Here is the information about that part in case is needed:

SELECT *
FROM system.parts
WHERE name = '20190704_20190708_93270_163536_1890'
FORMAT Vertical

Query id: 4c51b553-61cf-4ca8-8960-b1bcf8af67da

Row 1:
──────
partition:                             201907
name:                                  20190704_20190708_93270_163536_1890
uuid:                                  00000000-0000-0000-0000-000000000000
part_type:                             Wide
active:                                1
marks:                                 197
rows:                                  1613286
bytes_on_disk:                         78923178
data_compressed_bytes:                 78891264
data_uncompressed_bytes:               106972152
primary_key_size:                      3546
marks_bytes:                           28368
secondary_indices_compressed_bytes:    0
secondary_indices_uncompressed_bytes:  0
secondary_indices_marks_bytes:         0
modification_time:                     2023-05-12 07:29:10
remove_time:                           1970-01-01 00:00:00
refcount:                              1
min_date:                              2019-07-04
max_date:                              2019-07-08
min_time:                              1970-01-01 00:00:00
max_time:                              1970-01-01 00:00:00
partition_id:                          201907
min_block_number:                      93270
max_block_number:                      163536
level:                                 1890
data_version:                          93270
primary_key_bytes_in_memory:           4334
primary_key_bytes_in_memory_allocated: 4844
is_frozen:                             0
database:                              prod
table:                                 RequestLog
engine:                                ReplicatedMergeTree
disk_name:                             default
path:                                  /data/clickhouse/store/bac/bac077ef-bcb1-48e3-bdbb-dfc37e7f7437/20190704_20190708_93270_163536_1890/
hash_of_all_files:                     86d2c069b07d9fb0bbd09611e117e823
hash_of_uncompressed_files:            80dd164bcbc96d9d2ad2619a2e9e34e9
uncompressed_hash_of_compressed_files: 69df4fffcd77f1ba30c3719b37d16dc3
delete_ttl_info_min:                   1970-01-01 00:00:00
delete_ttl_info_max:                   1970-01-01 00:00:00
move_ttl_info.expression:              []
move_ttl_info.min:                     []
move_ttl_info.max:                     []
default_compression_codec:             LZ4
recompression_ttl_info.expression:     []
recompression_ttl_info.min:            []
recompression_ttl_info.max:            []
group_by_ttl_info.expression:          []
group_by_ttl_info.min:                 []
group_by_ttl_info.max:                 []
rows_where_ttl_info.expression:        []
rows_where_ttl_info.min:               []
rows_where_ttl_info.max:               []
projections:                           []
visible:                               1
creation_tid:                          (1,1,'00000000-0000-0000-0000-000000000000')
removal_tid_lock:                      0
removal_tid:                           (0,0,'00000000-0000-0000-0000-000000000000')
creation_csn:                          1
removal_csn:                           0
has_lightweight_delete:                0
last_removal_attempt_time:             1970-01-01 00:00:00
removal_state:                         Cleanup thread hasn't seen this part yet
bessonov87 commented 5 months ago

While we were waiting for some kind of answer here, we decided to try to do something ourselves.

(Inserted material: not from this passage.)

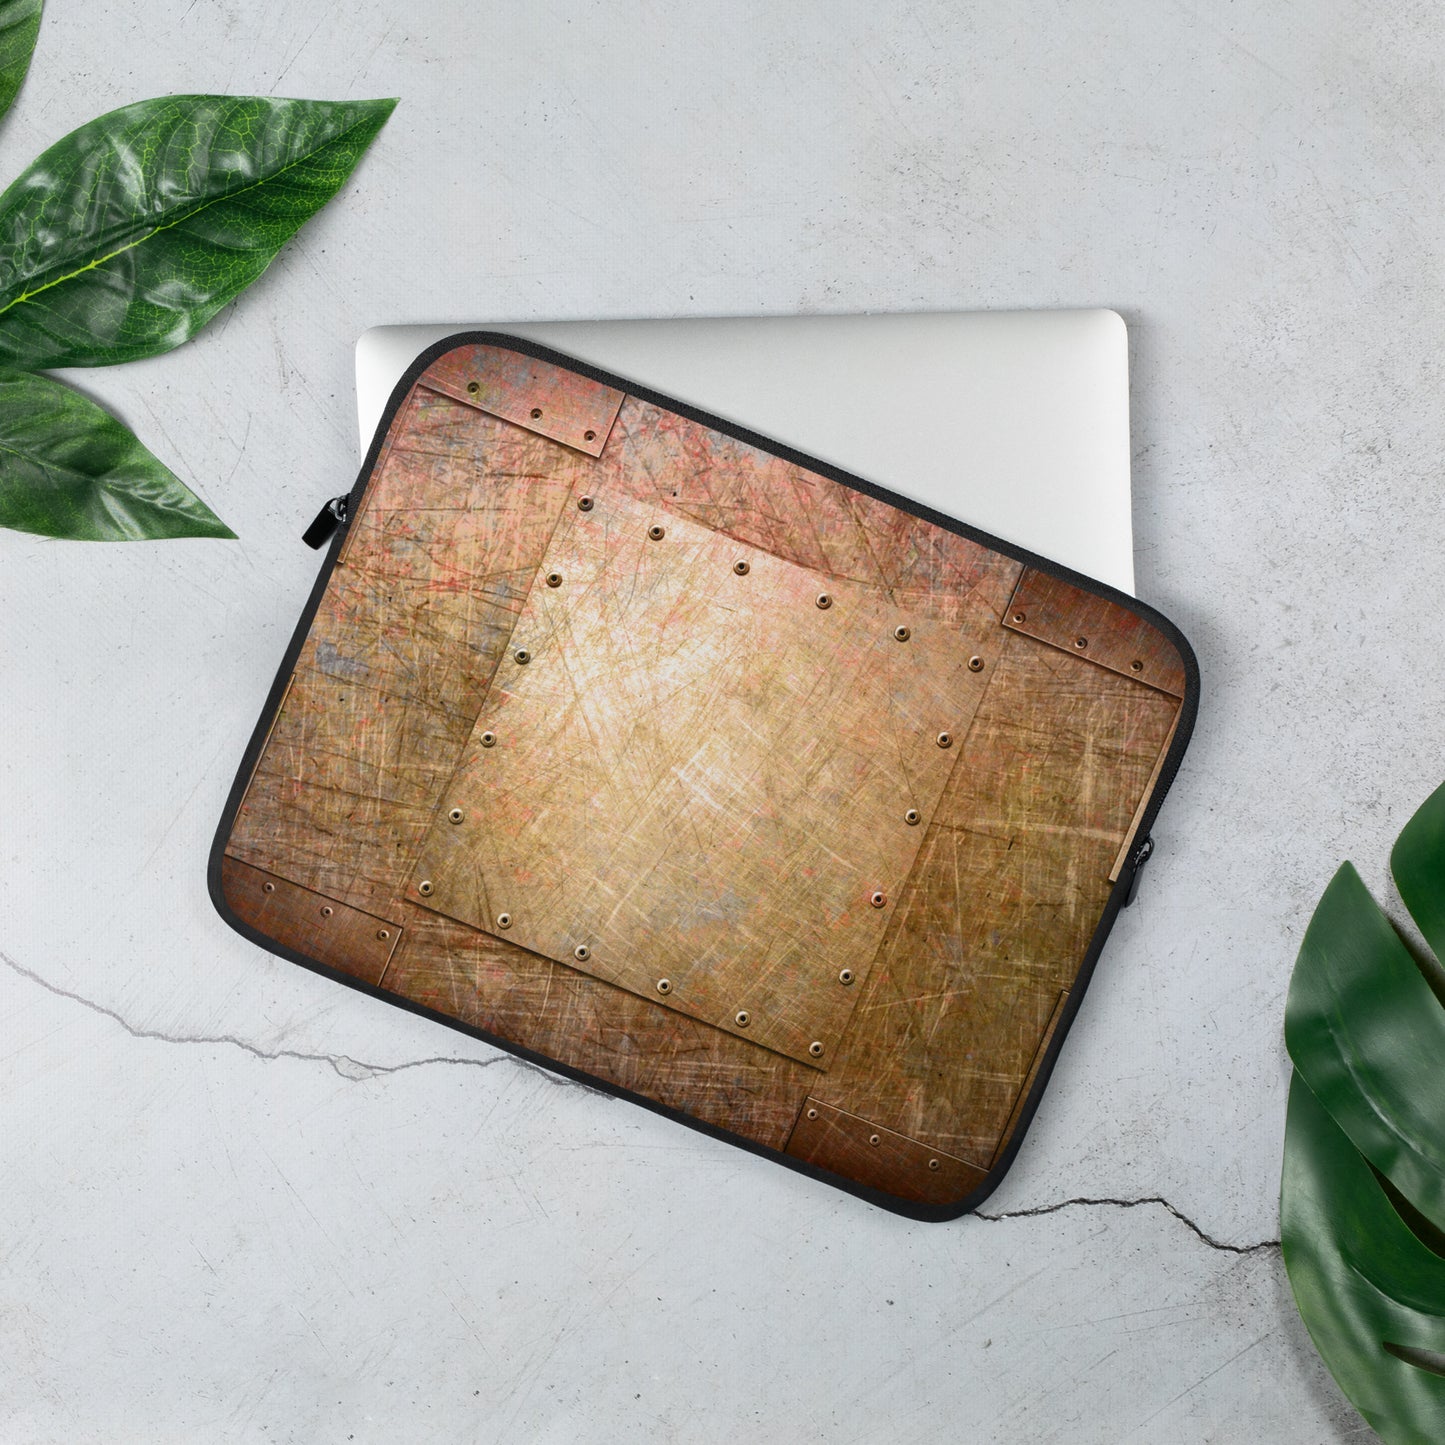 Steampunk Themed Laptop Sleeve - Distressed Riveted Copper Sheets Print on Computer Bag 13 inches
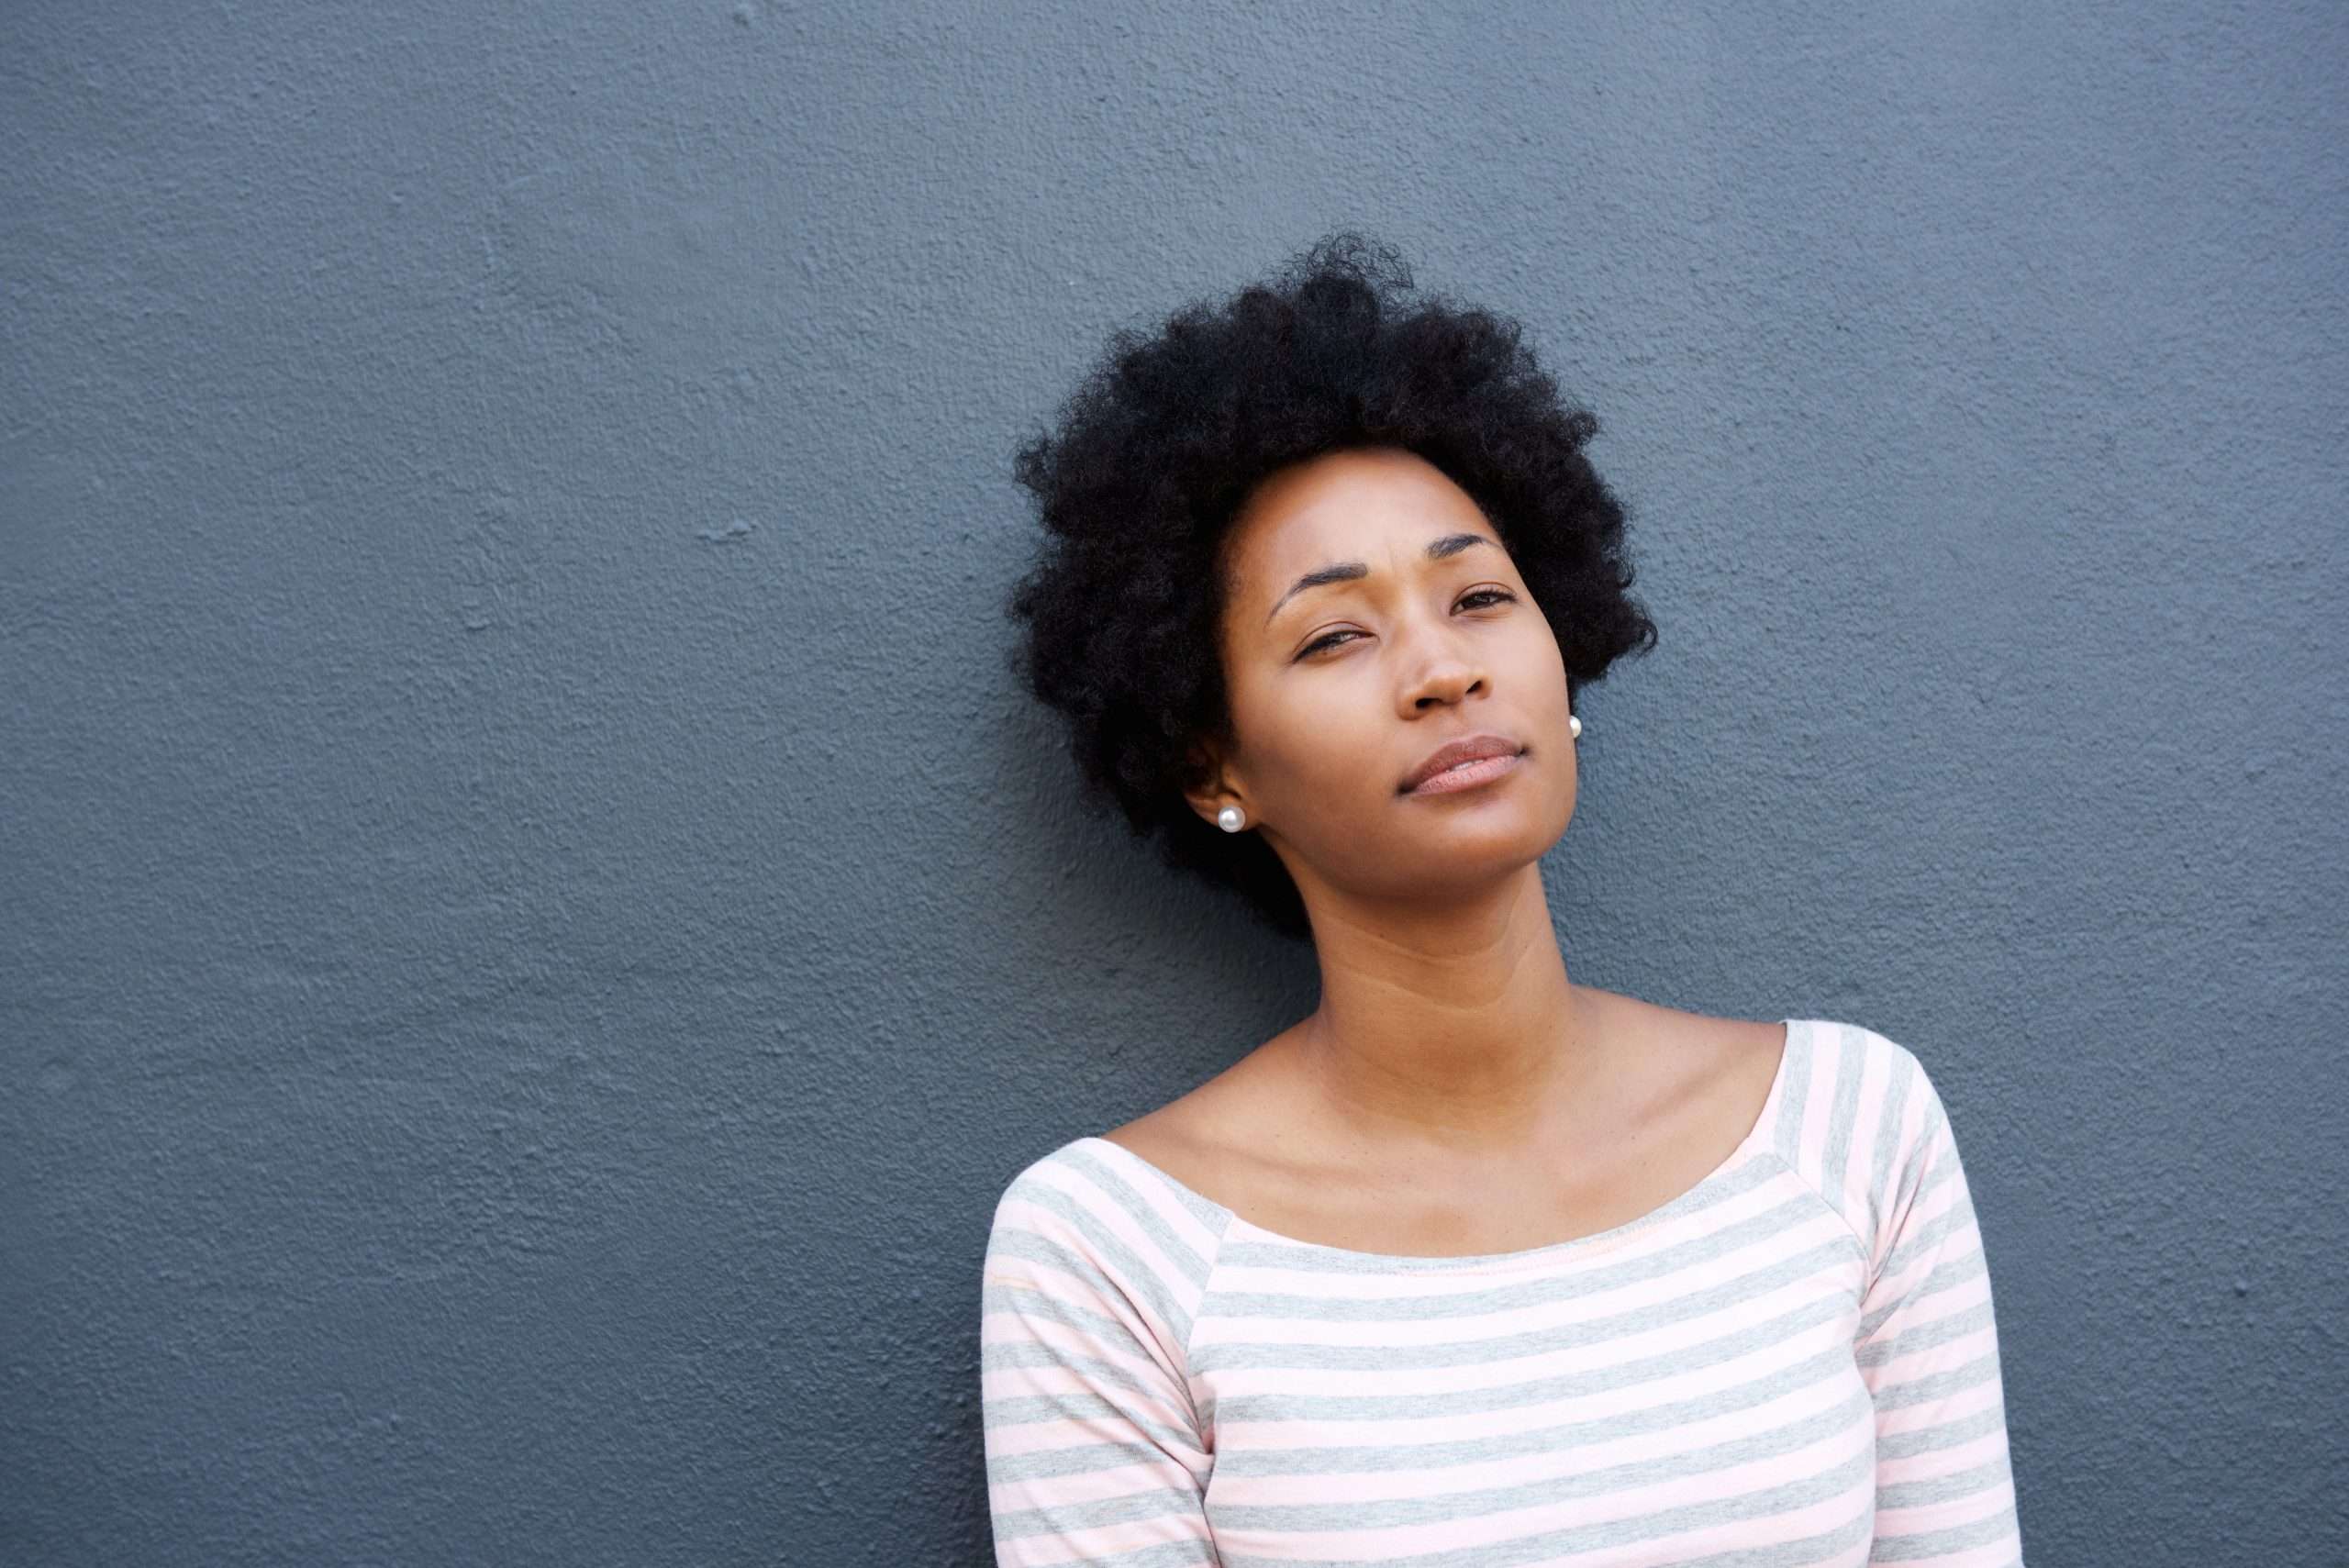 Black Women with natural hair with mental standing against a wall

As a result, we were helped by recreating the tables with a new syntax. We accidentally noticed that the errors were related to parts of tables created using the old syntax. We have databases that were created more than 6 years ago and there are quite a lot of old tables in there. So after recreating tables with changing old syntax like this

ENGINE = ReplicatedMergeTree('/clickhouse/tables/{shard}/migration_clickhouse', '{replica}', eventDate, (version, apply_time), 8192)

to the current one like this

ENGINE = ReplicatedMergeTree('/clickhouse/tables/{shard}/migration_clickhouse', '{replica}')
PARTITION BY toYYYYMM(eventDate)
ORDER BY (version, apply_time)
SETTINGS index_granularity = 8192

errors disappear and backups begin to be created.

I'm not sure if this is a bug or not, but at least it's unexpected behavior.